According to the report, Deutsche Bank has multi-million dollar holdings in both companies, while the International Finance Corp (IFC) - the World Bank's private lending arm - invests in HAGL through financial intermediaries.

HAGL dismissed the accusations saying it strictly conformed with laws in the countries in which it operated.

"I am completely surprised by this," the chairman of the HAGL Group, Doan Nguyen Duc, told the Reuters news agency.

"I can affirm that these accusations are all fabrication and vilification ... I am unpleased when they issue the accusations
without meeting us and working with us."

VRG cold not be reached for comment.

'Ignoring laws'

More than 1.2 million hectares of land in Cambodia alone have been leased for rubber plantations, Global Witness said, with about 400,000 people affected by land grabs for rubber and other uses since 2003.

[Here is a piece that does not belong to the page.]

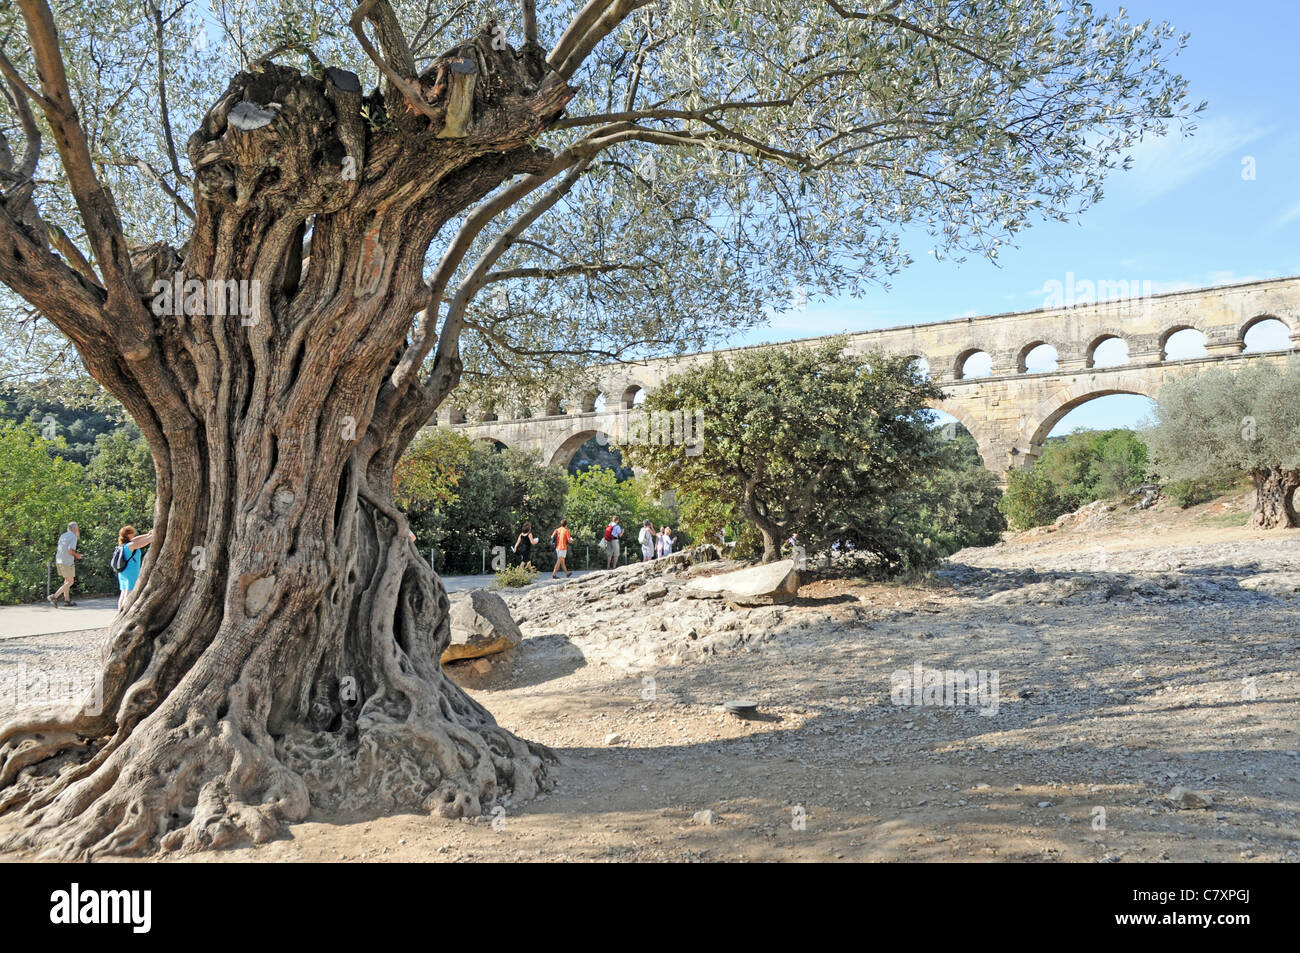 old olive tree ancient roman aqueduct bridge called pont du gard

"The governments in Cambodia and Laos are allocating large areas of land and ignoring laws designed to protect human rights and the environment," according to the report.

"Often the first people know about either company being given their land is when the bulldozers arrive."

Global Witness urged Cambodia and Laos to suspend all dealings with the two firms and their subsidiaries.

It called on Deutsche Bank and the IFC to withdraw their funding if the two companies fail to take steps to comply with human rights and environmental standards within the next six months.

In response, Deutsche Bank said an "intensive due diligence process" was conducted before the shares were bought on behalf of its investors.

The IFC declined to comment ahead of the report's release, saying Global Witness had not shared its full findings in advance.